This estimate uses Claude Sonnet 4.6 at $3/1M input and $15/1M output. The published range of $100-500/1M corpus tokens applies to GPT-4 class models at GPT-4 pricing ($10-30/1M input). With Claude Sonnet 4.6, the same pipeline costs roughly 3-10x less. At $18 per 1M corpus tokens, indexing a 10M-token corpus (a large enterprise knowledge base) costs ~$180 — a one-time setup cost that is reasonable for many use cases.

The most expensive step is entity summarization — the LLM re-reads all text associated with each entity to produce a consolidated description. `claim_extraction.enabled: false` in settings.yaml eliminates the claim extraction step (disabled by default in v2), saving ~20-30% of construction cost. Reducing `entity_extraction.max_gleanings` from 1 to 0 eliminates the retry step, saving another 10-20% at the cost of lower extraction completeness.

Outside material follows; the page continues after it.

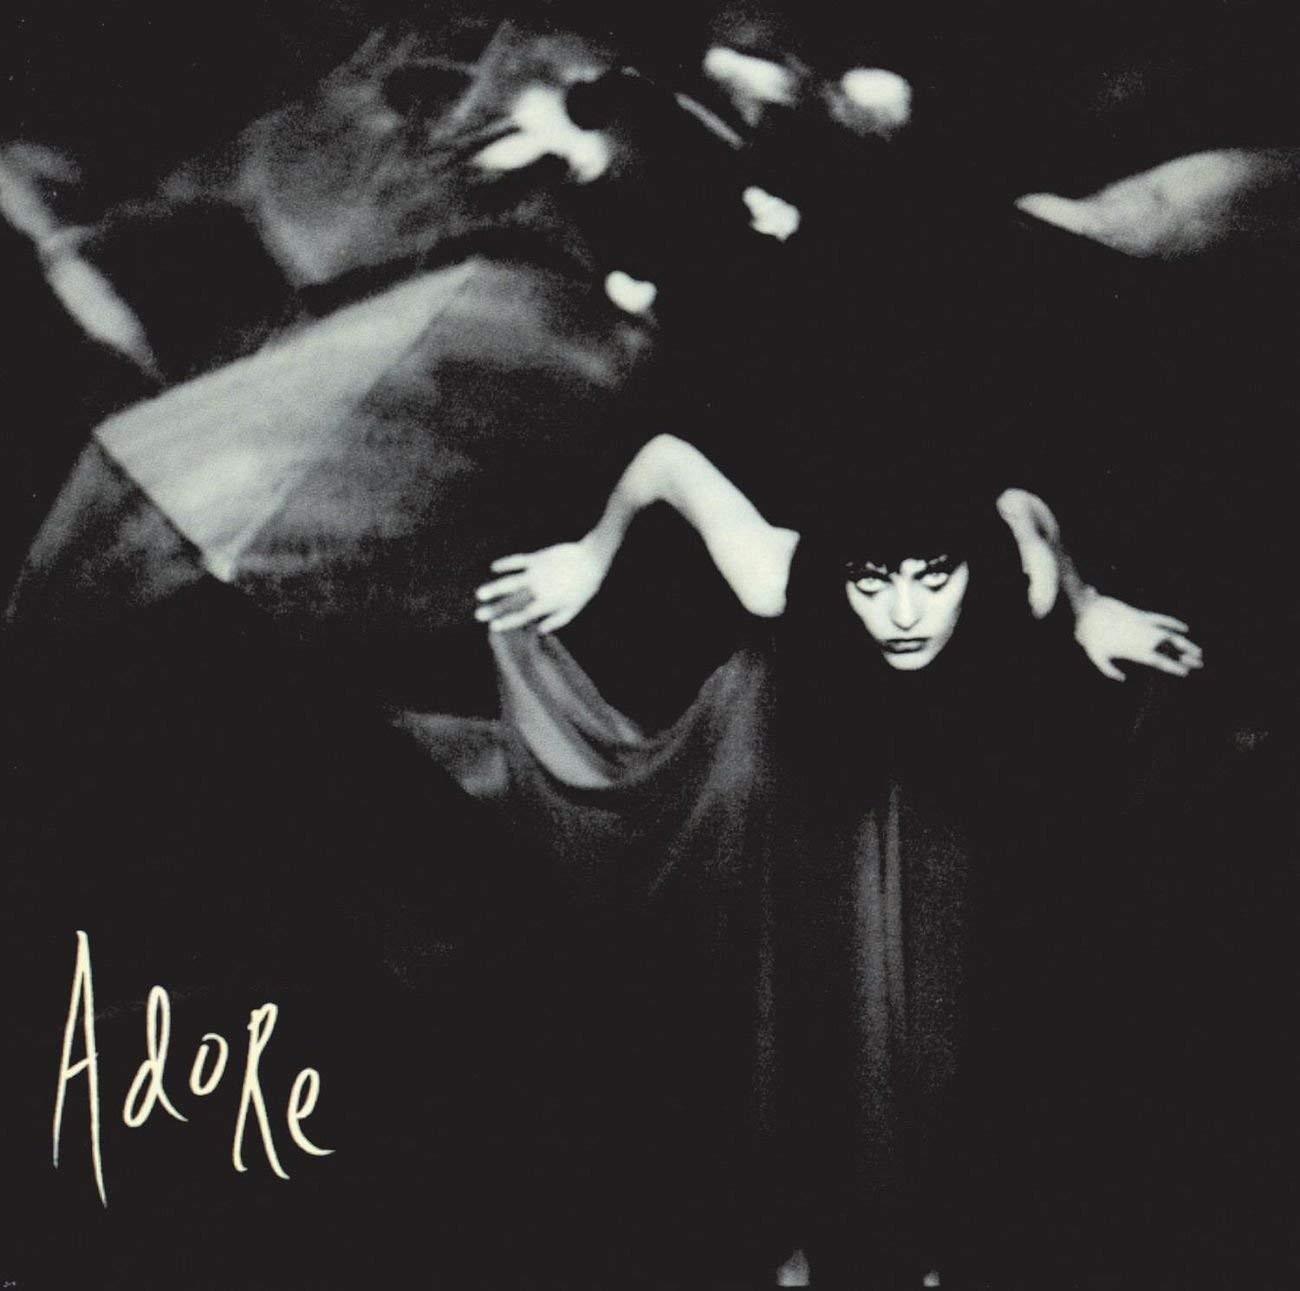 smashing-pumpkins-adore-1540402909

Re-indexing strategy for corpus updates: GraphRAG v2 supports incremental indexing — run `python -m graphrag index --root . --resume` to pick up new documents without re-processing existing ones. Changed documents require re-extraction (the pipeline detects changes via content hash). Full re-indexing is needed when you change the extraction prompt or entity types — the graph structure changes and existing summaries become inconsistent.


Phase 8: LightRAG — a lighter-weight alternative

LightRAG (HKUDS, arxiv.org/abs/2410.05779, github.com/HKUDS/LightRAG) follows the same entity-relationship extraction pattern as Microsoft GraphRAG but with a simpler pipeline that reduces construction cost by approximately 60-70%. The trade-off: LightRAG's community detection and summarization are less sophisticated, and global search quality is lower than GraphRAG's on complex corpus-wide queries.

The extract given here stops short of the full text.